Exercise aim
An exact copy of the listing is required, with its pictures removed.

Given information
************

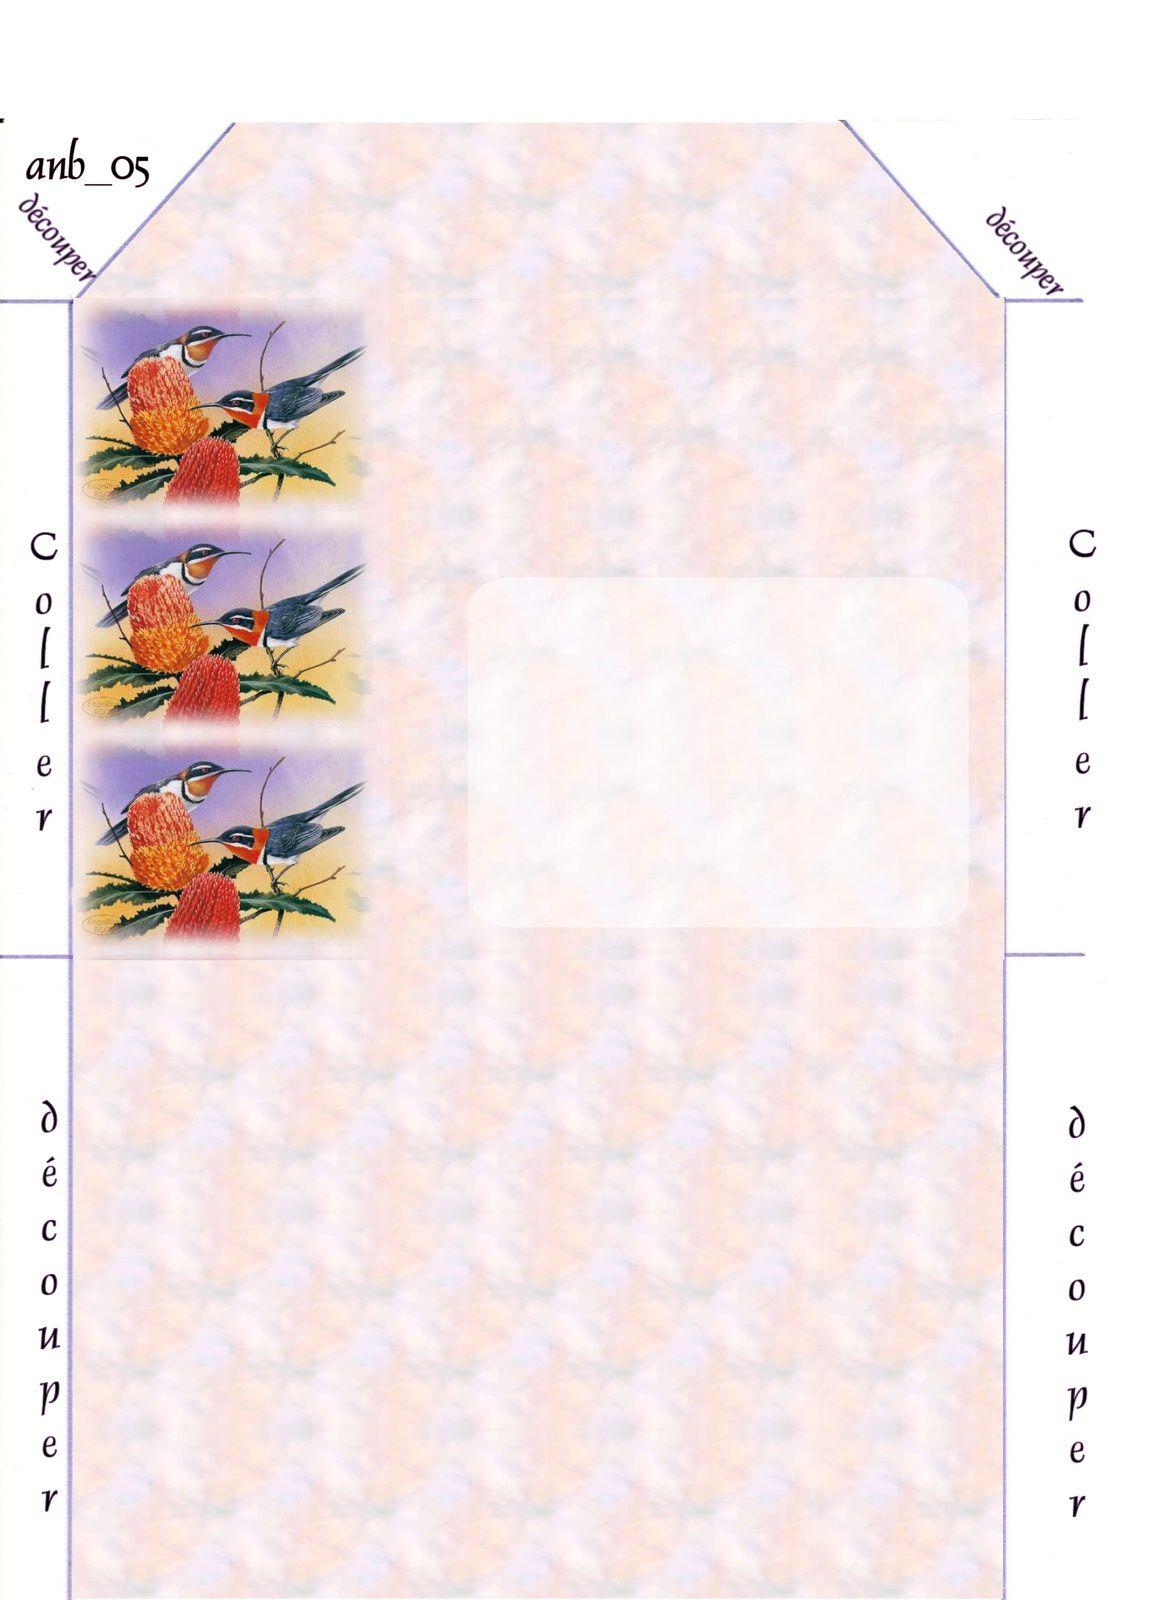 Oiseaux Incredimail &amp&#x3B; Papier A4 h l &amp&#x3B; outlook &amp&#x3B; enveloppe &amp&#x3B; 2 cartes A5 &amp&#x3B; signets 3 langues    kb_shepherd_eric_12_western_spinebills
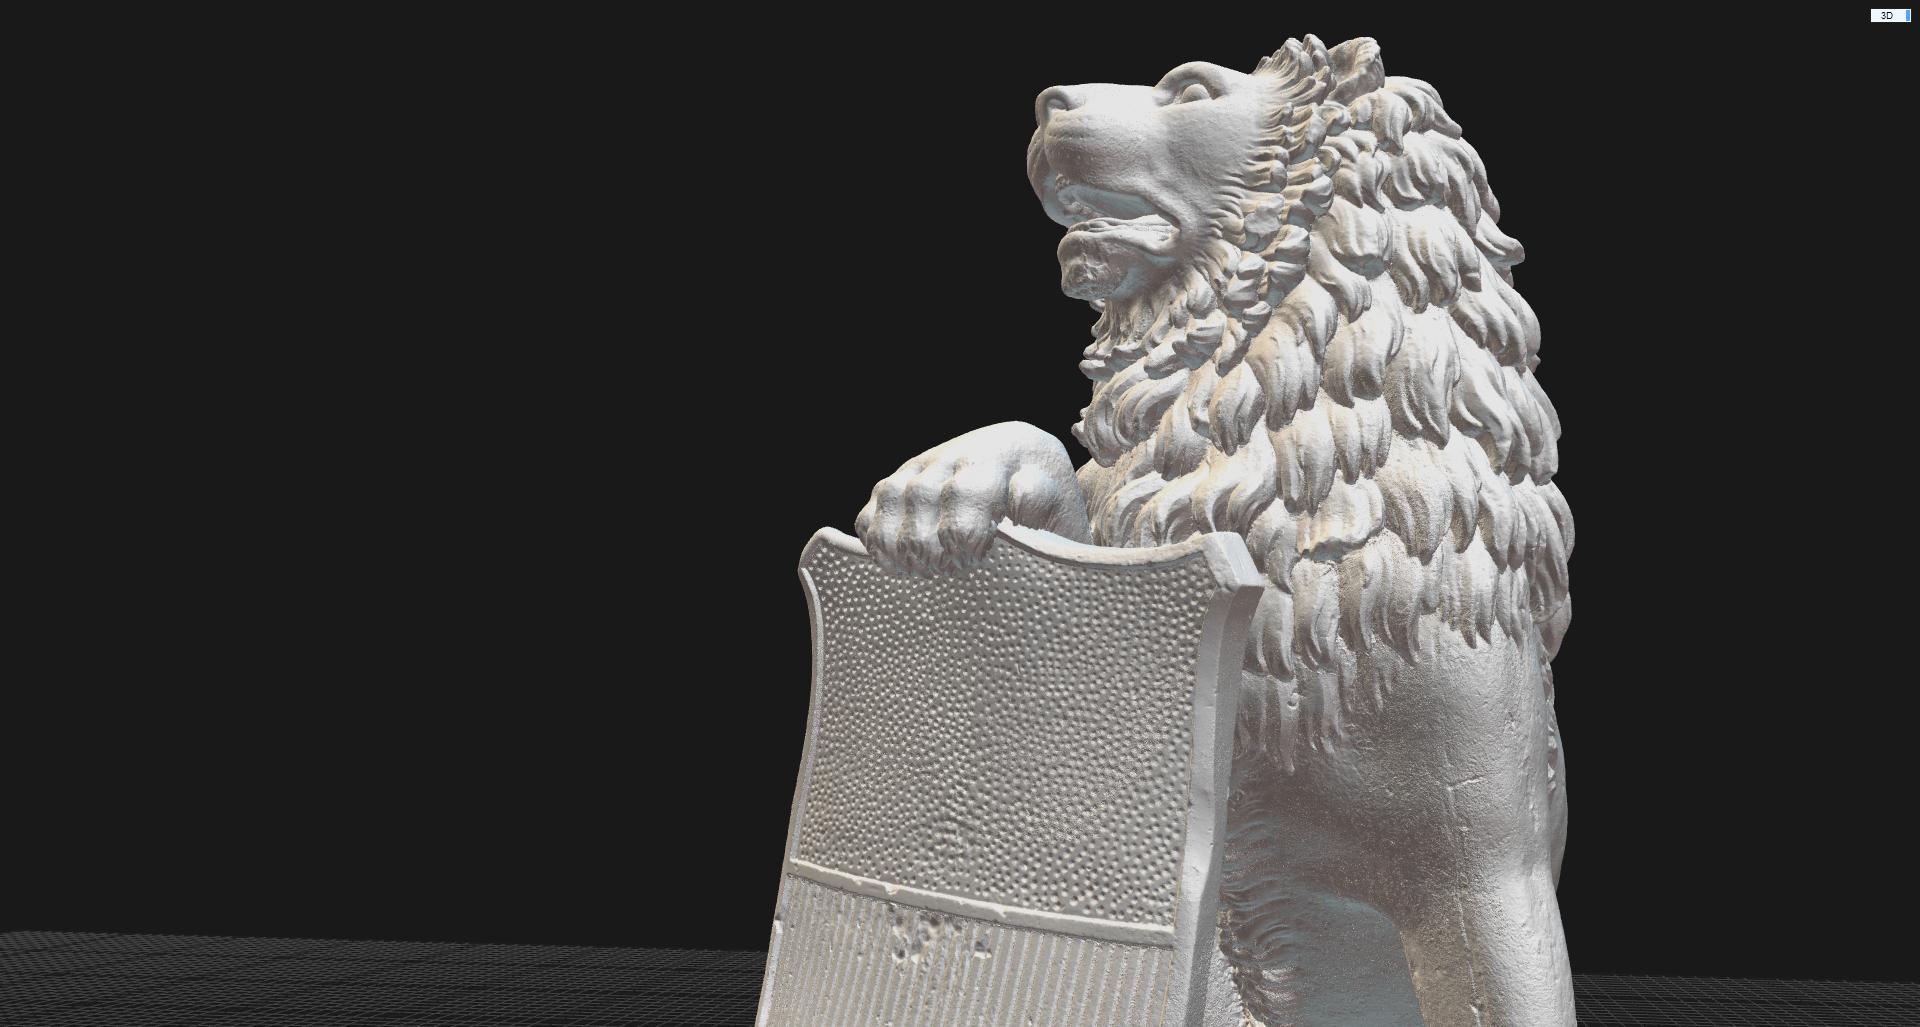 3D Scan by Paul Safko - Screenshot
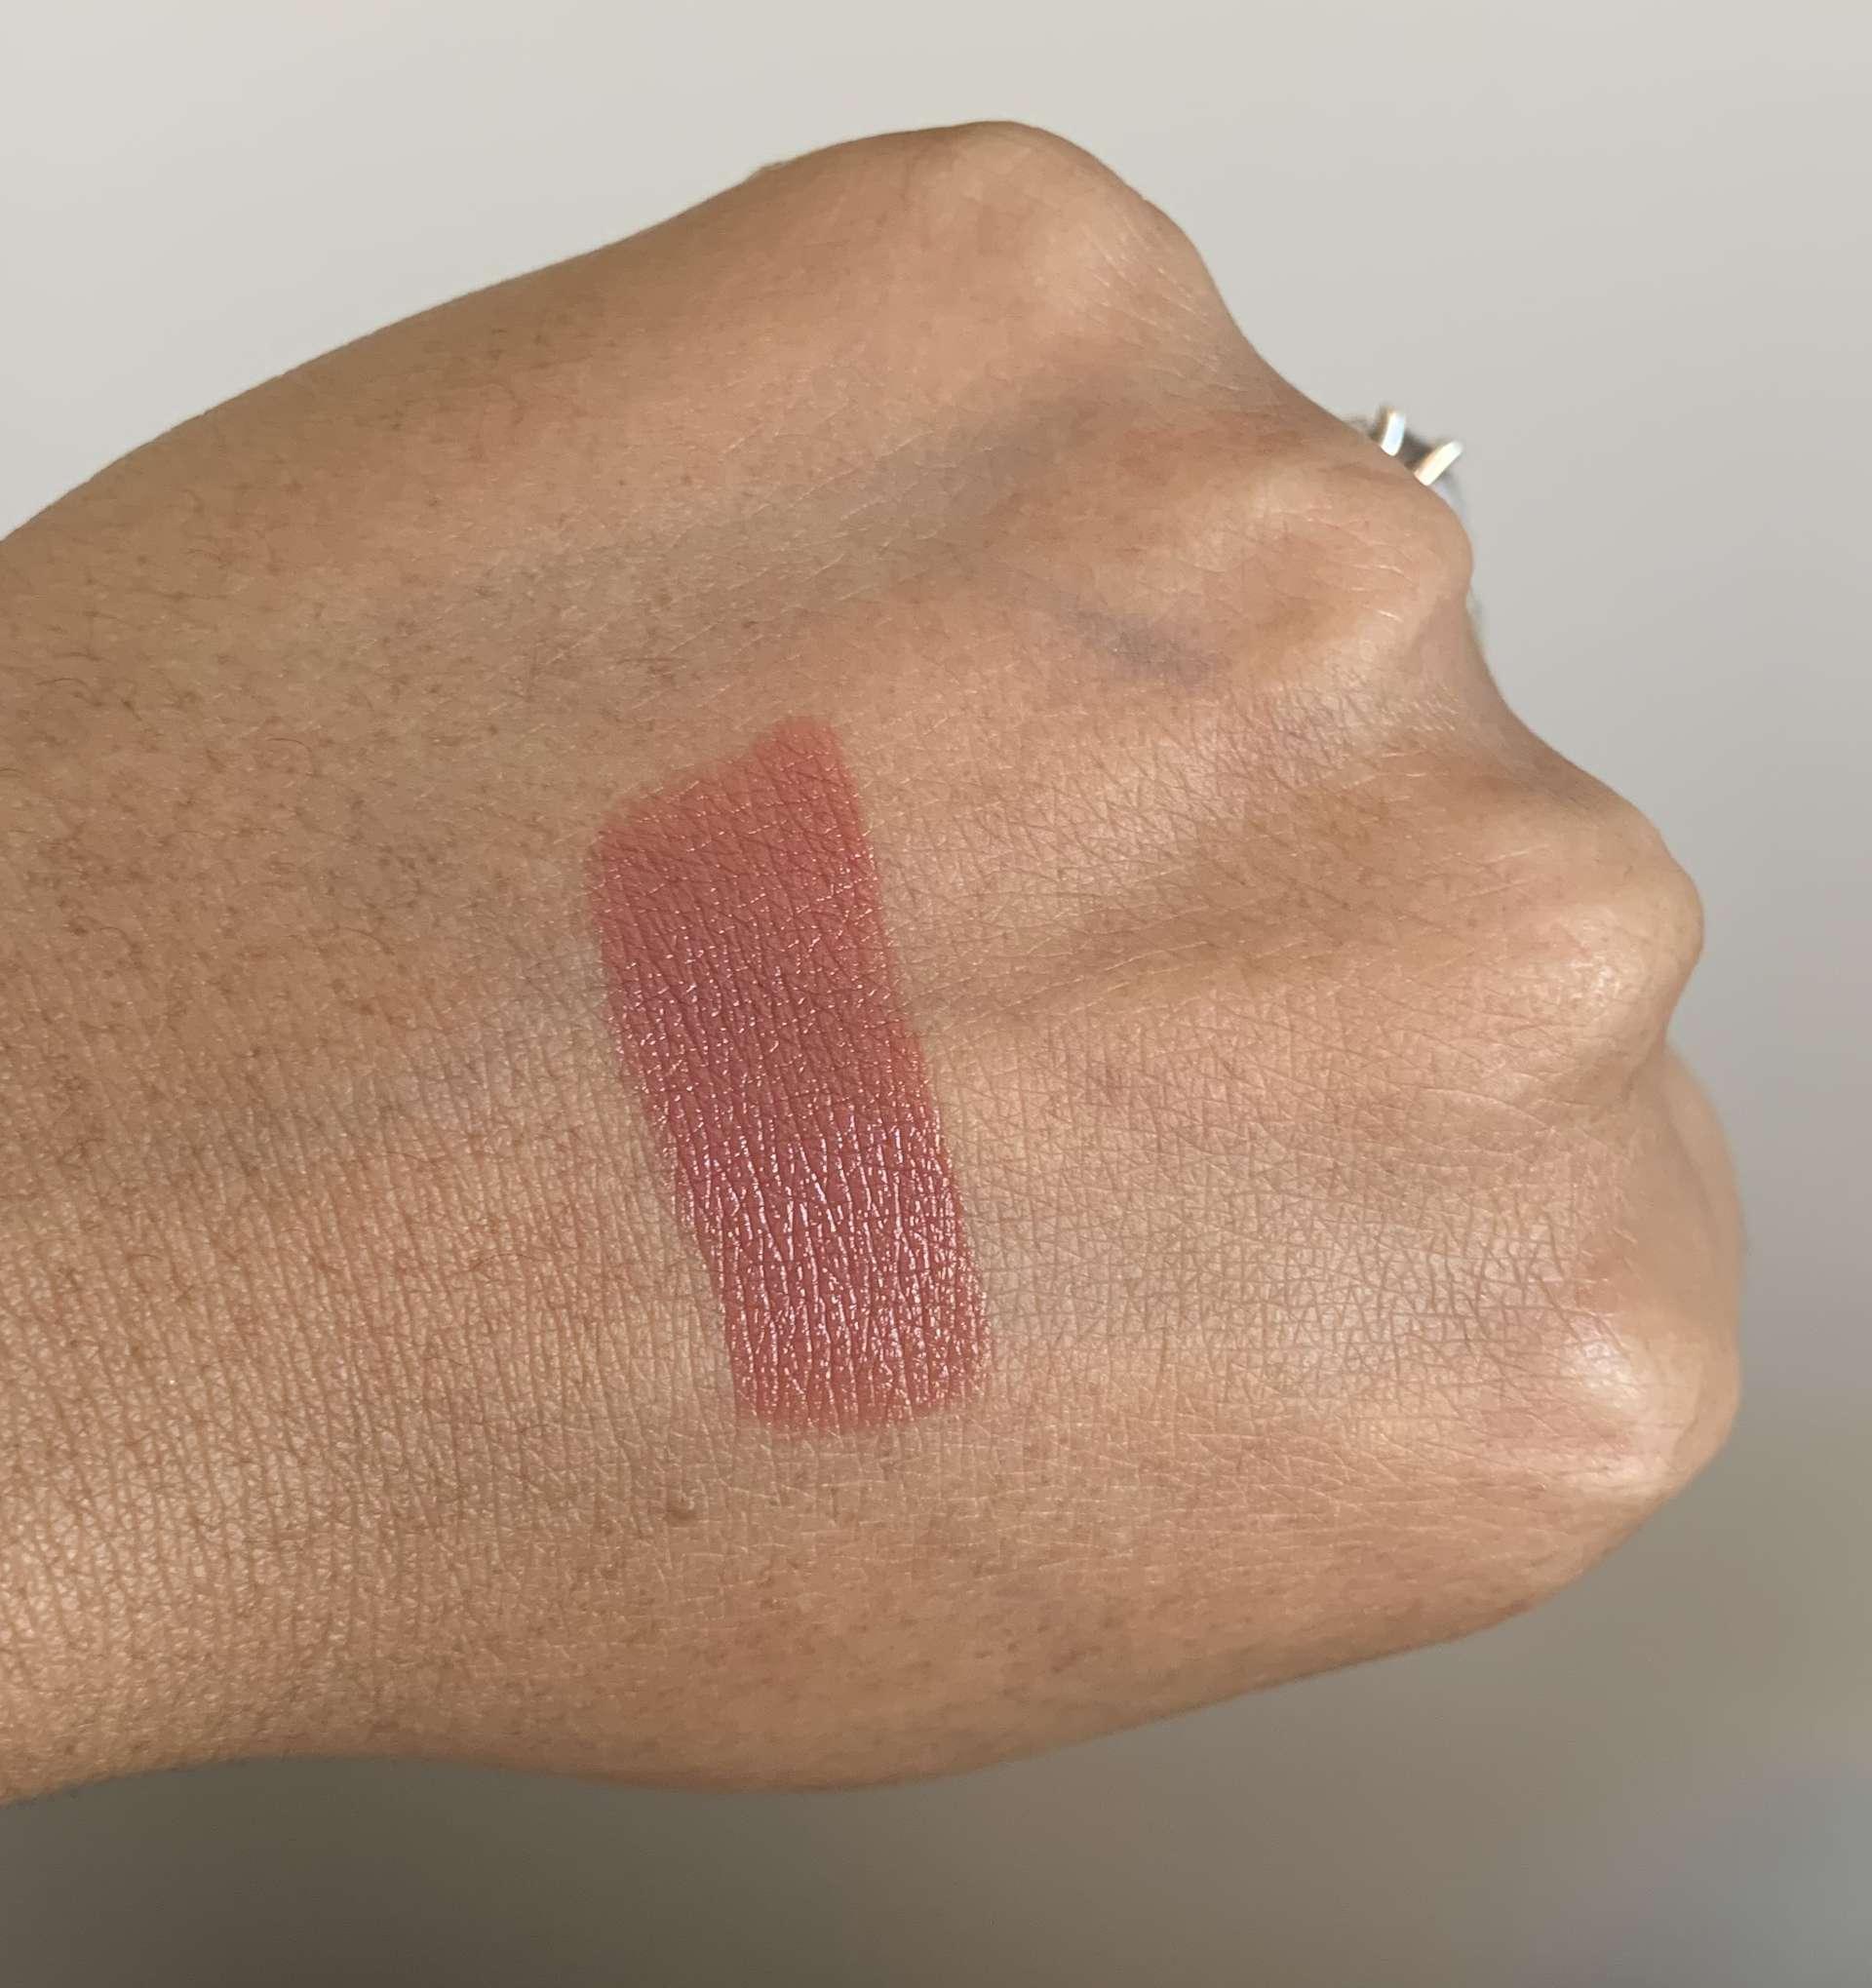 Bobbi Brown Luxe Lip Color Swatches on medium dark skin (Bahama Brown, Downtown Plum, Pink Buff)
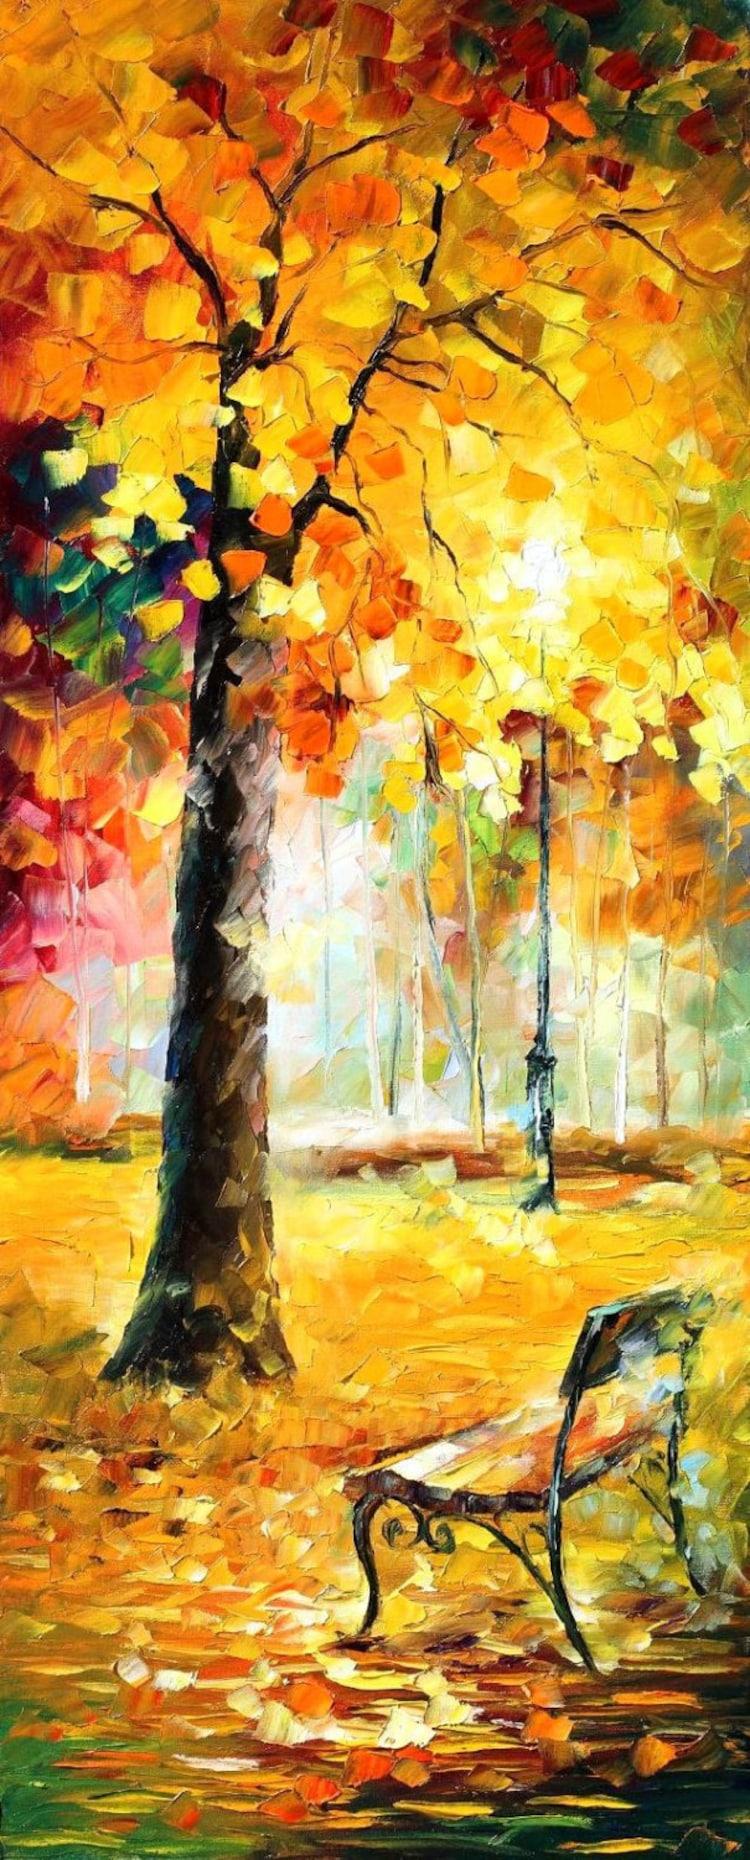 3 Piece Wall Art Wind Of Dreams Set Of 3 By Afremovartstudio

************

Exercise output
 Oiseaux Incredimail &amp&#x3B; Papier A4 h l &amp&#x3B; outlook &amp&#x3B; enveloppe &amp&#x3B; 2 cartes A5 &amp&#x3B; signets 3 langues    kb_shepherd_eric_12_western_spinebills
 3D Scan by Paul Safko - Screenshot
 Bobbi Brown Luxe Lip Color Swatches on medium dark skin (Bahama Brown, Downtown Plum, Pink Buff)
 3 Piece Wall Art Wind Of Dreams Set Of 3 By Afremovartstudio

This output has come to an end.